News ID: 302859
Published: 0836 GMT May 08, 2021
German team to participate in new archeological excavations in Chehrabad Mine

More salt men may be discovered

More salt men may be discovered
dalahoo.com
The photo shows the first salt man which is kept in National Museum of Iran in Tehran.

Iranica Desk

The new season of archeological excavation in Chehrabad Mine, Zanjan Province, where salt men were discovered, will begin in October.

Abulfazl Aali, head of the Archeological Research Department of Zanjan Province’s Cultural Heritage, Tourism and Handicrafts Organization, told Iran Daily that this is the sixth season of excavation to be carried out in cooperation with the Archeological Department of the German University of Bochum and Bochum Mining Museum.

This season, which is expected to last for two months, he noted, was to have been conducted in the current spring, but the outbreak of COVID-19 in the country prevented the start of its operations.

“We hope that the vaccination program will go well across the country by October. This will not only pave the way for the German team to enter Iran but also help us follow our excavation programs with ease,” he said.

Aali added that the project to study salt men has been one of the best and most successful archeological plans implemented in Zanjan Province during the past decade.

Aali said archeological studies in Chehrabad Mine began in 2004.

“Zanjan Province’s Cultural Heritage Organization carried out two excavation seasons to save the mine, because at that time mining activities were being undertaken there, thus we tried to prevent wider destruction,” he said.

Aali observed that the first salt man was accidentally found in 1993 while extracting salt; however, mining continued until the second and third salt men were discovered.

“The two mummies were dismembered because they were bulldozed out of the mine while the salt was being mined,” he added. “After that, during an operation conducted in 2004-2005, we tried to preserve part of the mine.
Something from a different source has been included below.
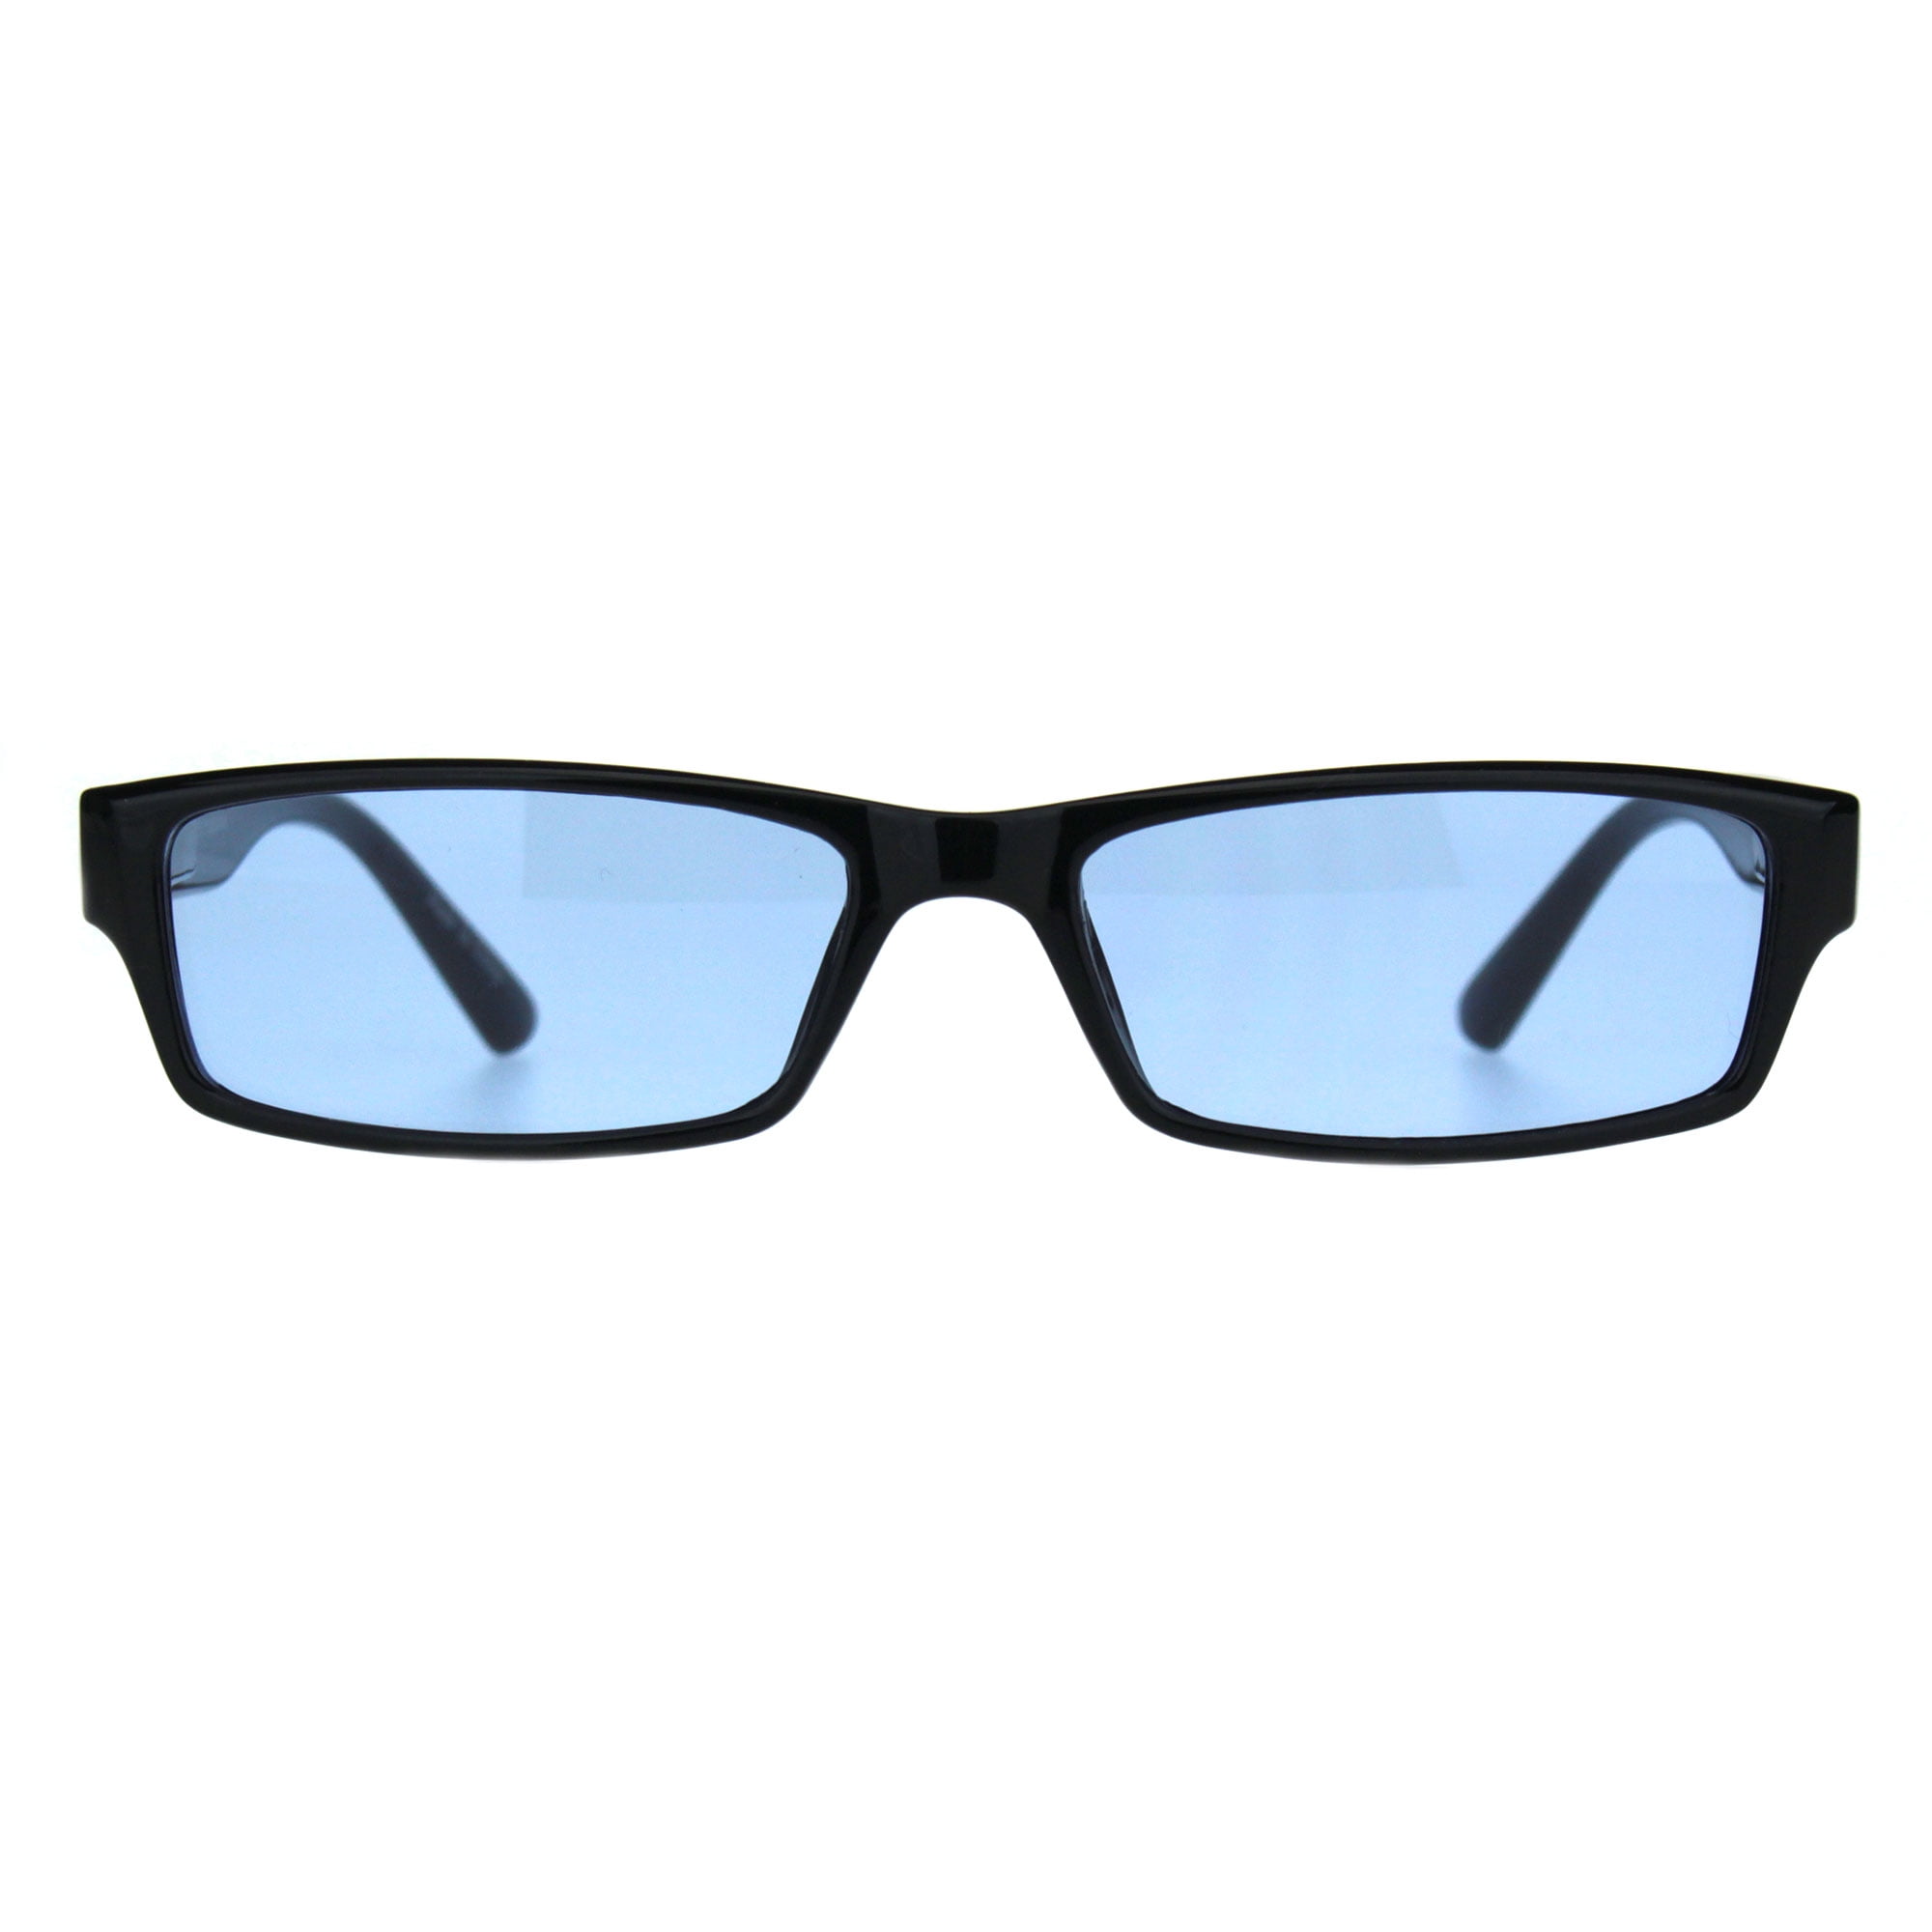 NICHE SUNGLASSES Oversized Sunglasses for Men Square Metal Frame UV Lens Fashion 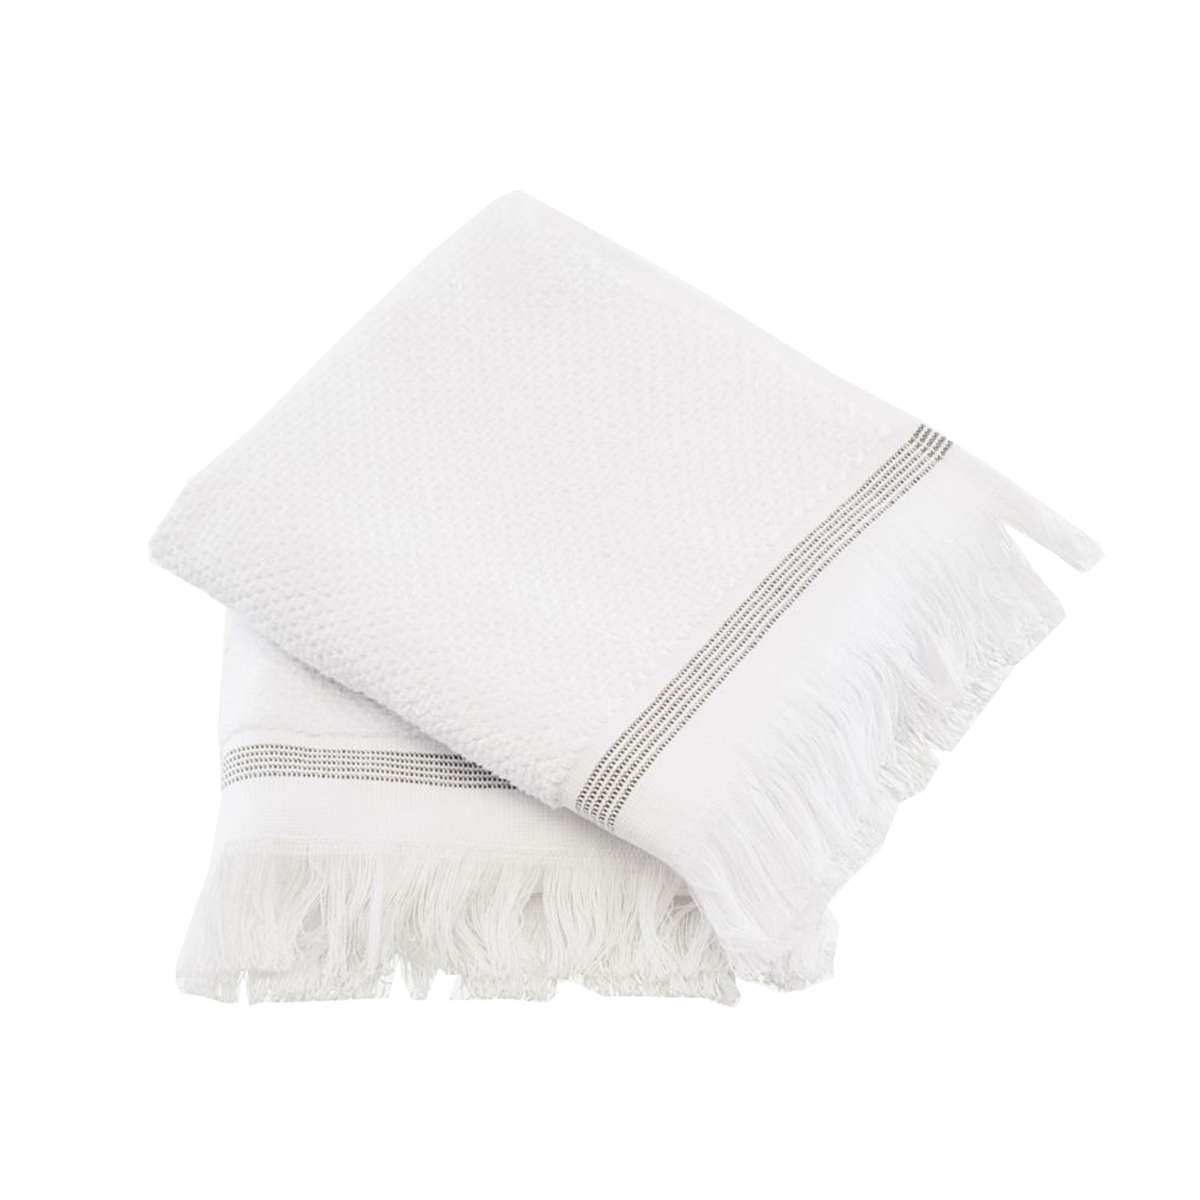 Meraki - Towel 50 x 100 cm 2 pack - White/Grey Stripe (Mkds03/357780003)

We not only dug out several ancient tunnels used for extracting salt, but also found the fourth and fifth mummies. These two mummies, especially the fourth one, are among our perfectly preserved ones. An agreement on bilateral cooperation in Chehrabad Mine was signed with German Mining Museum based in Bochum in 2011.”

“Following that, we launched cooperation with the University of Bochum,” he said. “The sixth salt man was discovered in the same year in collaboration with the German group.”

Referring to the results of the previous five excavation seasons, he said mining was stopped in the region during the excavations. Carrying out archeological studies and revising works done previously are among measures undertaken during excavations.

“The fourth season of excavation was conducted in the mine in 2018-2019. We also carried out archeological studies on one of the areas located around the mine in the past year,” Aali noted.

“During the 10 years of cooperation with the German group, new information was collected regarding the manner, techniques and tools of mining during the Achaemenid and Sassanid eras,” he observed. “Old mining tools as well as textiles, leather and wood belonging to miners were found in the mine and transferred to Zanjan Museum.”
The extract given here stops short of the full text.